Scenimefy: Learning to Craft Anime Scene via Semi-Supervised
Image-to-Image Translation
- URL: http://arxiv.org/abs/2308.12968v1
- Date: Thu, 24 Aug 2023 17:59:50 GMT
- Title: Scenimefy: Learning to Craft Anime Scene via Semi-Supervised
Image-to-Image Translation
- Authors: Yuxin Jiang, Liming Jiang, Shuai Yang, Chen Change Loy
- Abstract summary: We propose Scenimefy, a novel semi-supervised image-to-image translation framework.
Our approach guides the learning with structure-consistent pseudo paired data.
A patch-wise contrastive style loss is introduced to improve stylization and fine details.

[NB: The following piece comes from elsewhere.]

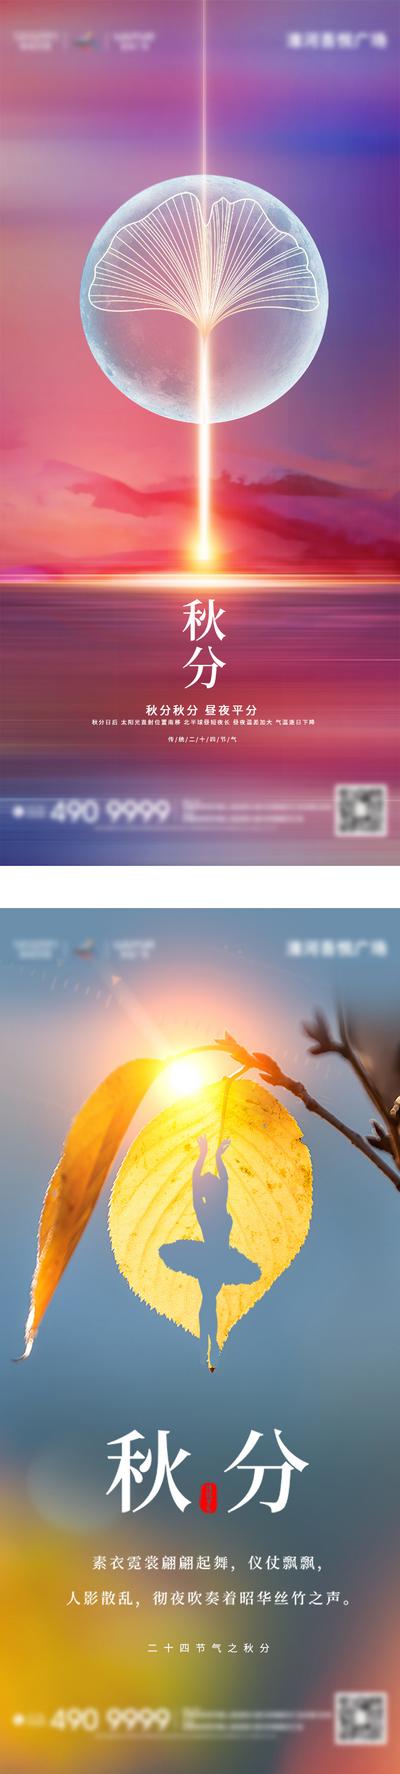 南门网 广告 海报 电商 秋分 插画 地产 医美 活动 汽车 节气
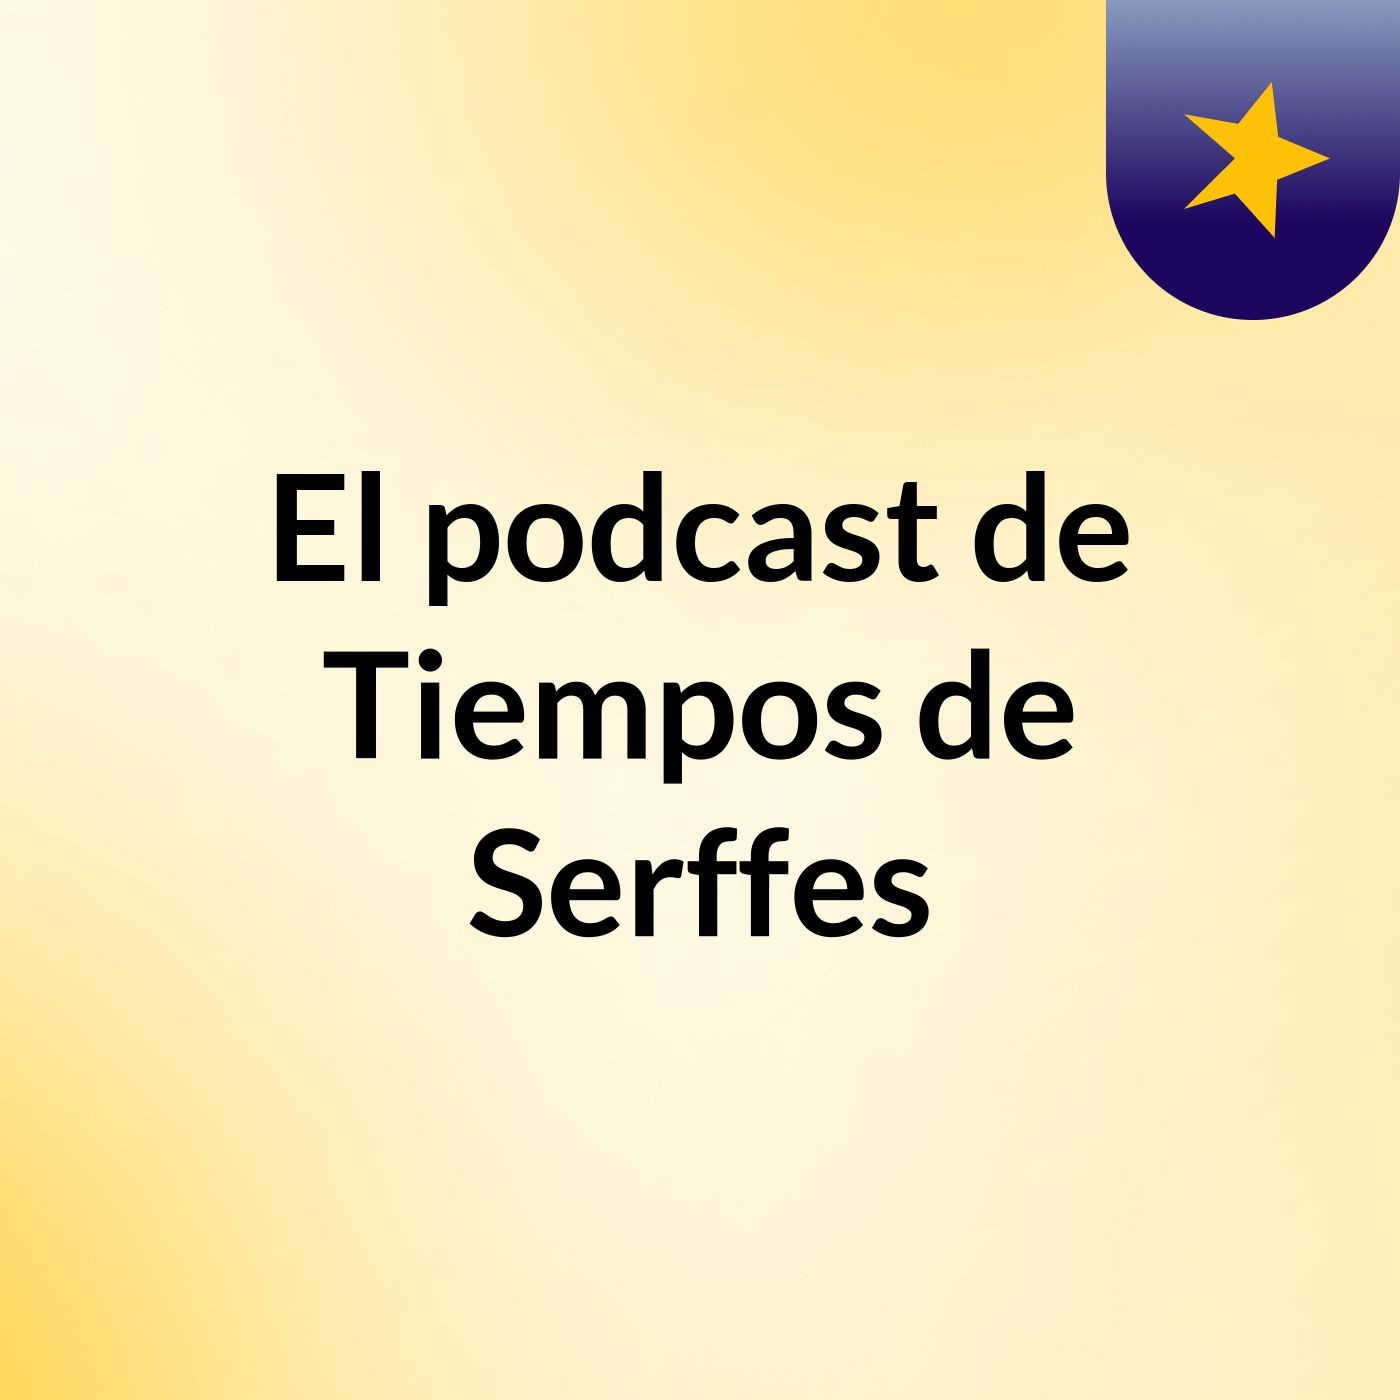 Episodio 31 - El podcast de Tiempos de Serffes

- Score: 75.91455714614966
- License: http://arxiv.org/licenses/nonexclusive-distrib/1.0/
- Abstract: Automatic high-quality rendering of anime scenes from complex real-world
images is of significant practical value. The challenges of this task lie in
the complexity of the scenes, the unique features of anime style, and the lack
of high-quality datasets to bridge the domain gap. Despite promising attempts,
previous efforts are still incompetent in achieving satisfactory results with
consistent semantic preservation, evident stylization, and fine details. In
this study, we propose Scenimefy, a novel semi-supervised image-to-image
translation framework that addresses these challenges. Our approach guides the
learning with structure-consistent pseudo paired data, simplifying the pure
unsupervised setting. The pseudo data are derived uniquely from a
semantic-constrained StyleGAN leveraging rich model priors like CLIP. We
further apply segmentation-guided data selection to obtain high-quality pseudo
supervision. A patch-wise contrastive style loss is introduced to improve
stylization and fine details. Besides, we contribute a high-resolution anime
scene dataset to facilitate future research. Our extensive experiments
demonstrate the superiority of our method over state-of-the-art baselines in
terms of both perceptual quality and quantitative performance.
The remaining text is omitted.